# Behringer Q502usb for REW?



## mkostromine (Mar 8, 2013)

Sorry, I'm new to REW world and want to ask. I'd like to do an HT room calibration and looking for a good pairing to EMM-6 mic. Initially I tried Behringer 302USB as a mixer and quickly realized that it would only serve as an input or output but not both during calibration. I see that Q502USB model claims to be dual bus and has USB. So in theory this should provide parallel mic input and amp output through USB. Did anybody try it with REW or know if that will work? If not what would be a good alternative, ideally in the same price range?


----------



## AudiocRaver (Jun 6, 2012)

Yes the Xenyx 502 will work with REW. Here is another thread where a member is working with one right now.


----------



## mkostromine (Mar 8, 2013)

Yes, I saw that thread but what was not clear in there if the guys are talking about Xenyx 502 model, which doesn't have any USB and needs something like UC202 or another sound card to connect, or Xenyx Q502USB/EURORACK UB502, which has built-in USB and in theory should have 2 independent channels/buses. I saw a lot of confirmation for the former solution, but it seems quite cumbersome and non-efficient. And none for the latter one. So, wonder if Q502USB in fact will work.


----------



## AudiocRaver (Jun 6, 2012)

Gotcha. I have read about the Q502USB, and everything indicates it would work fine. Behringer tends to keep products like that driverless, or working with Windows generic drivers, which reduces the potential for issues. If you are thinking Mac, it is not as clear.

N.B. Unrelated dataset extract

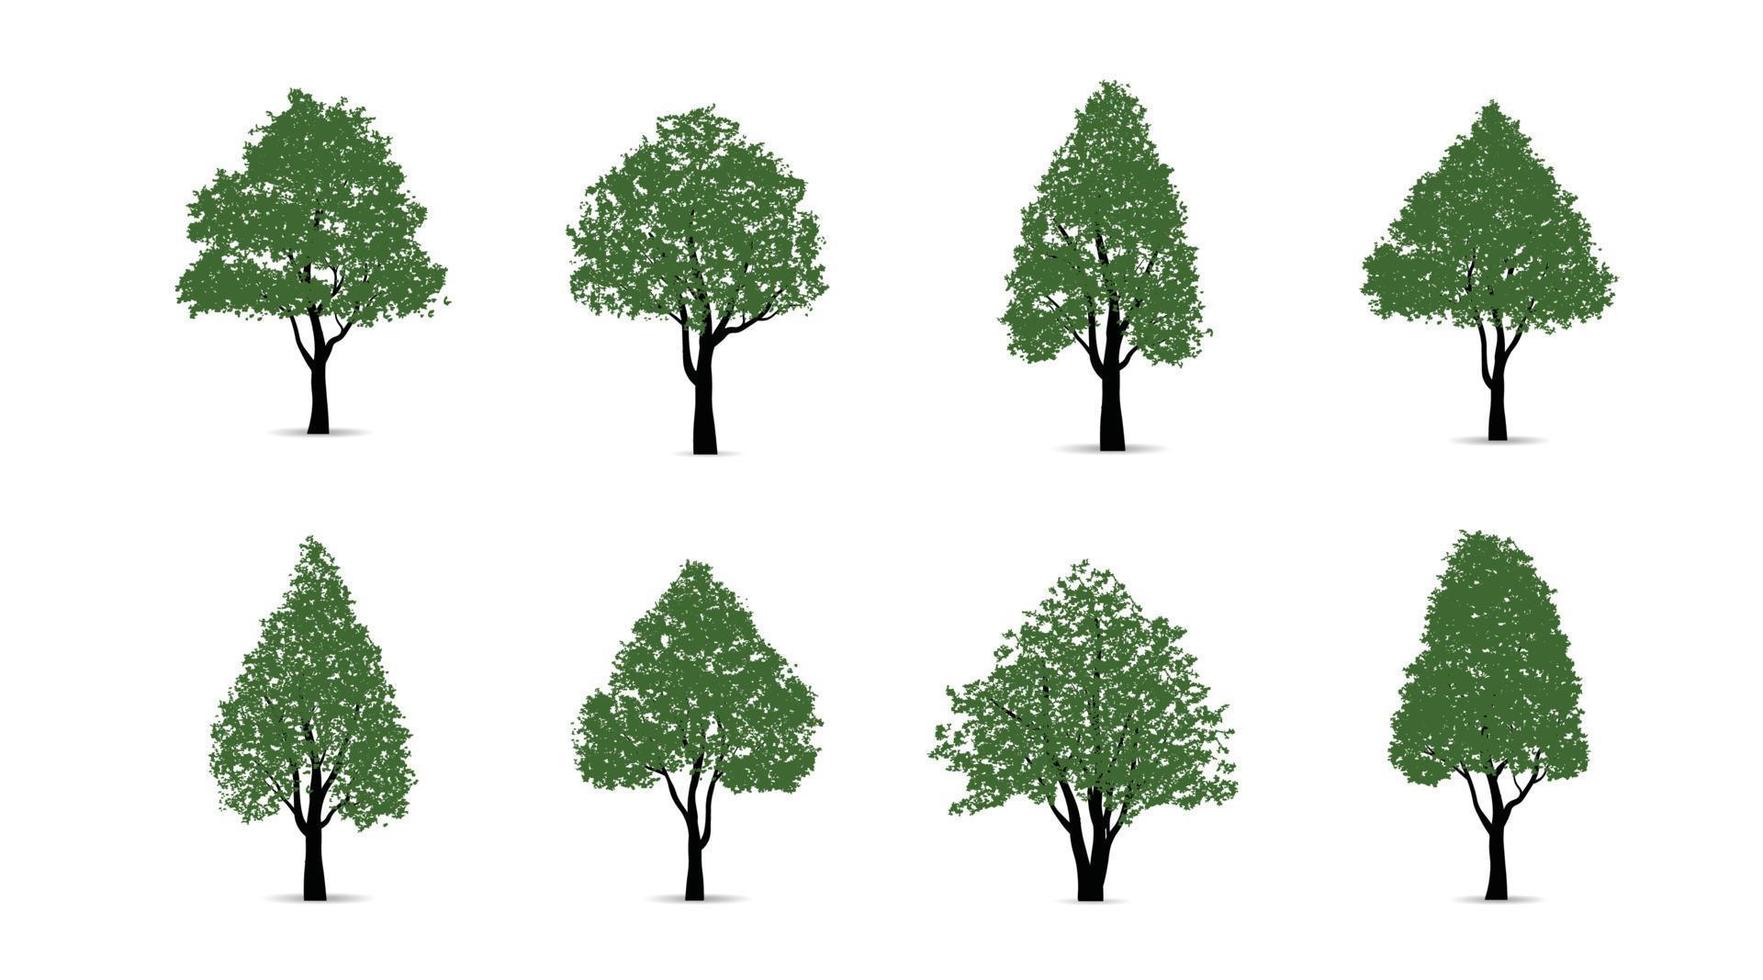 uppsättning av grön träd isolerat på vit bakgrund för landskap design och arkitektonisk kompositioner med bakgrunder. vektor illustration.

But if you are looking for absolute confirmation, I have not seen one yet by anyone in our forum or elsewhere. If you are still selecting an interface, our Sound Card Database is a good resource for known working hardware/system combinations. One popular possibility in the same price range, with numerous happy REW users, is the ART Dual Pre USB. Not trying to turn you away from the 502, just saying what I know is safe.

With Windows, I'd be very confident in the Q502USB working, if there is a reason or functionality that attracts you to it in particular. If REW is your only use for it, a simpler interface like the ART or another in our database above might be a better way to go, no unneeded functions that might throw you off (built-in EQ & compression, gotta make sure they are off). Minor detail - the 502's phantom power is 15V instead of 48V, that might affect calibration for some mics, better check specs on that.


----------



## LORDSANSUI (Sep 28, 2016)

Hey mkostromine, did you make your system work? I have similar set up


----------